> [Records to use]
§ §

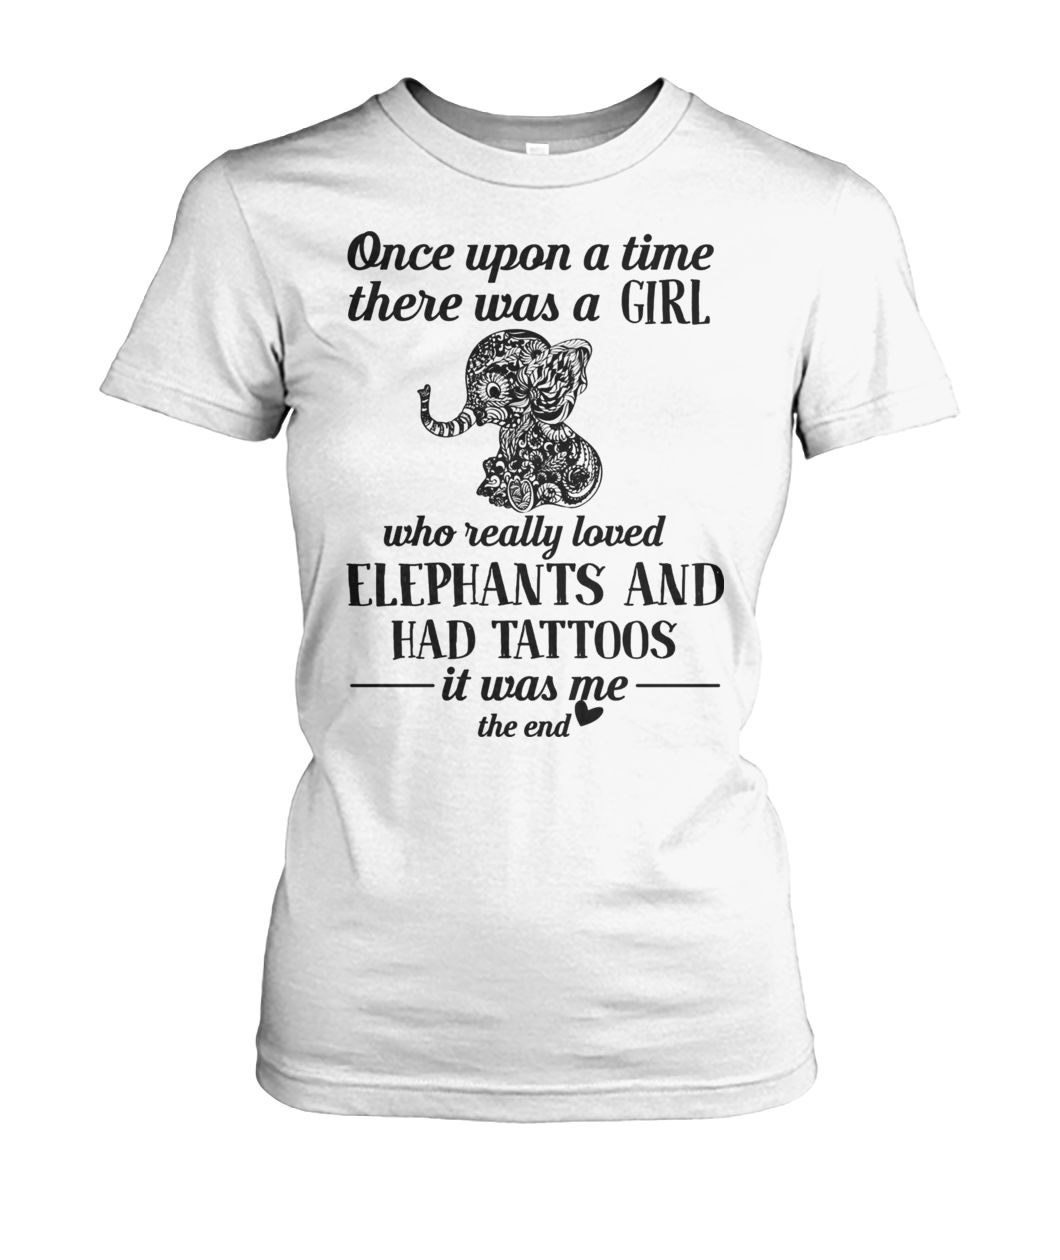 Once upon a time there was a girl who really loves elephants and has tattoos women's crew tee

§ §

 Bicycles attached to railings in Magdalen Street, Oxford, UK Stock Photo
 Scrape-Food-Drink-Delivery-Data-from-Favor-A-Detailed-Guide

§ §

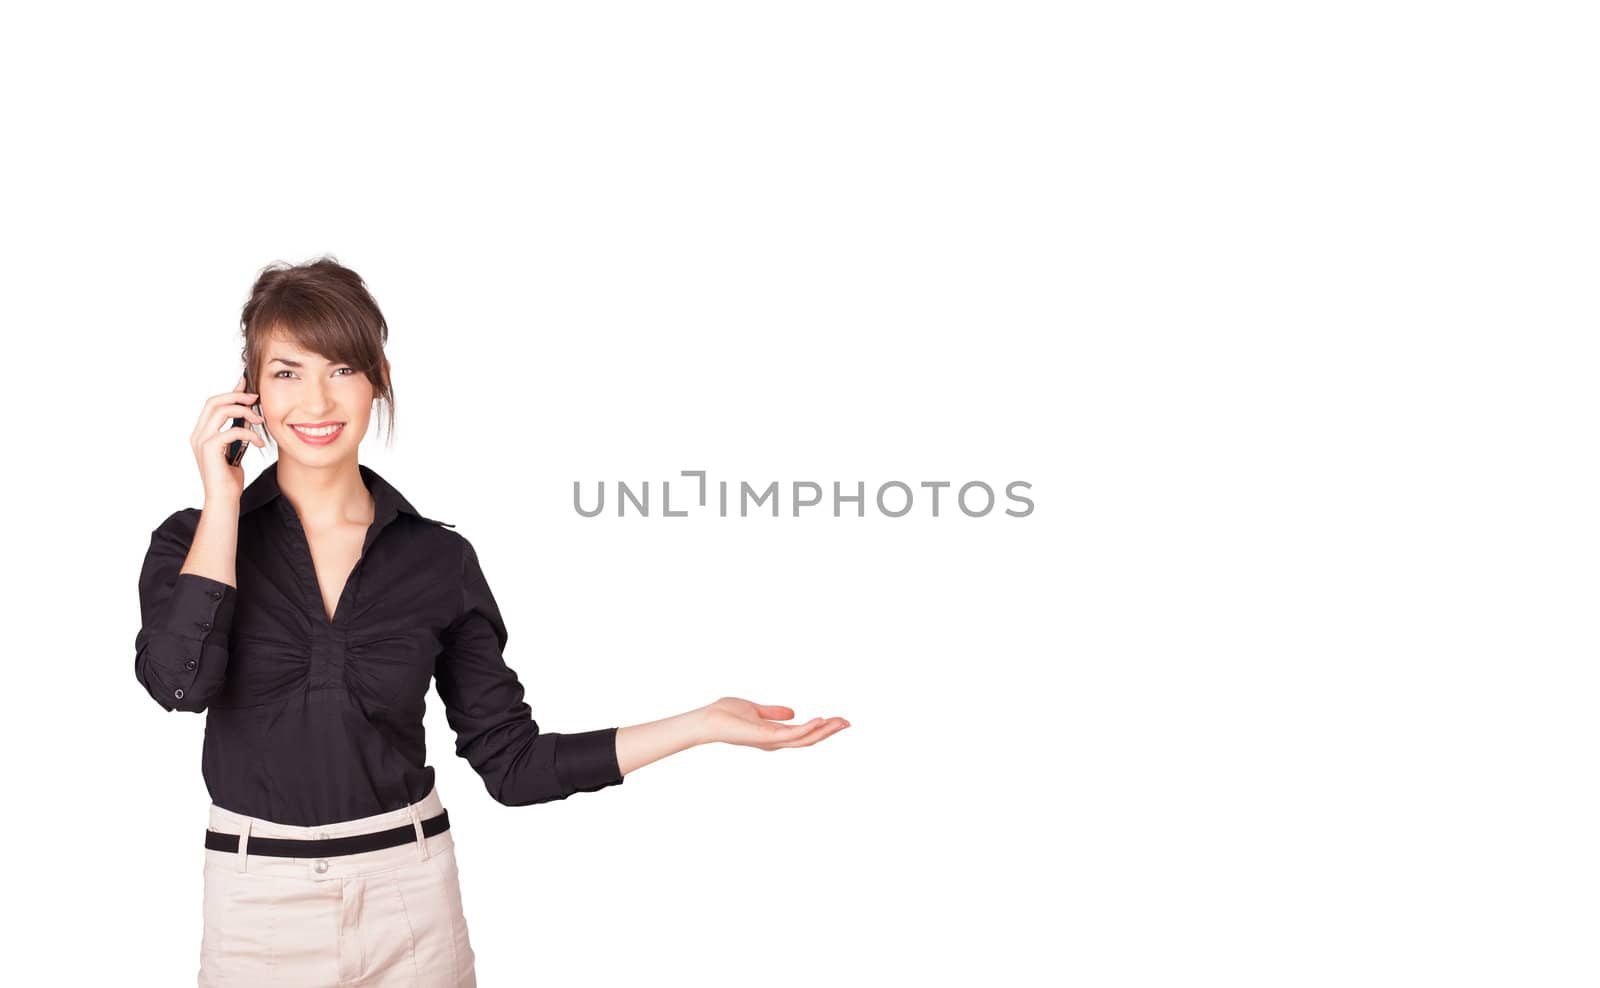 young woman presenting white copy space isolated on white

§ §

> [Task statement] In the listing above, the lines from the one containing "Bicycles attached to" through the one containing "Scrape-Food-Drink-Delivery-Data-from-Favor-A-Detailed-Guide" must be set down exactly, with no other lines.

> [Your solution]
 Bicycles attached to railings in Magdalen Street, Oxford, UK Stock Photo
 Scrape-Food-Drink-Delivery-Data-from-Favor-A-Detailed-Guide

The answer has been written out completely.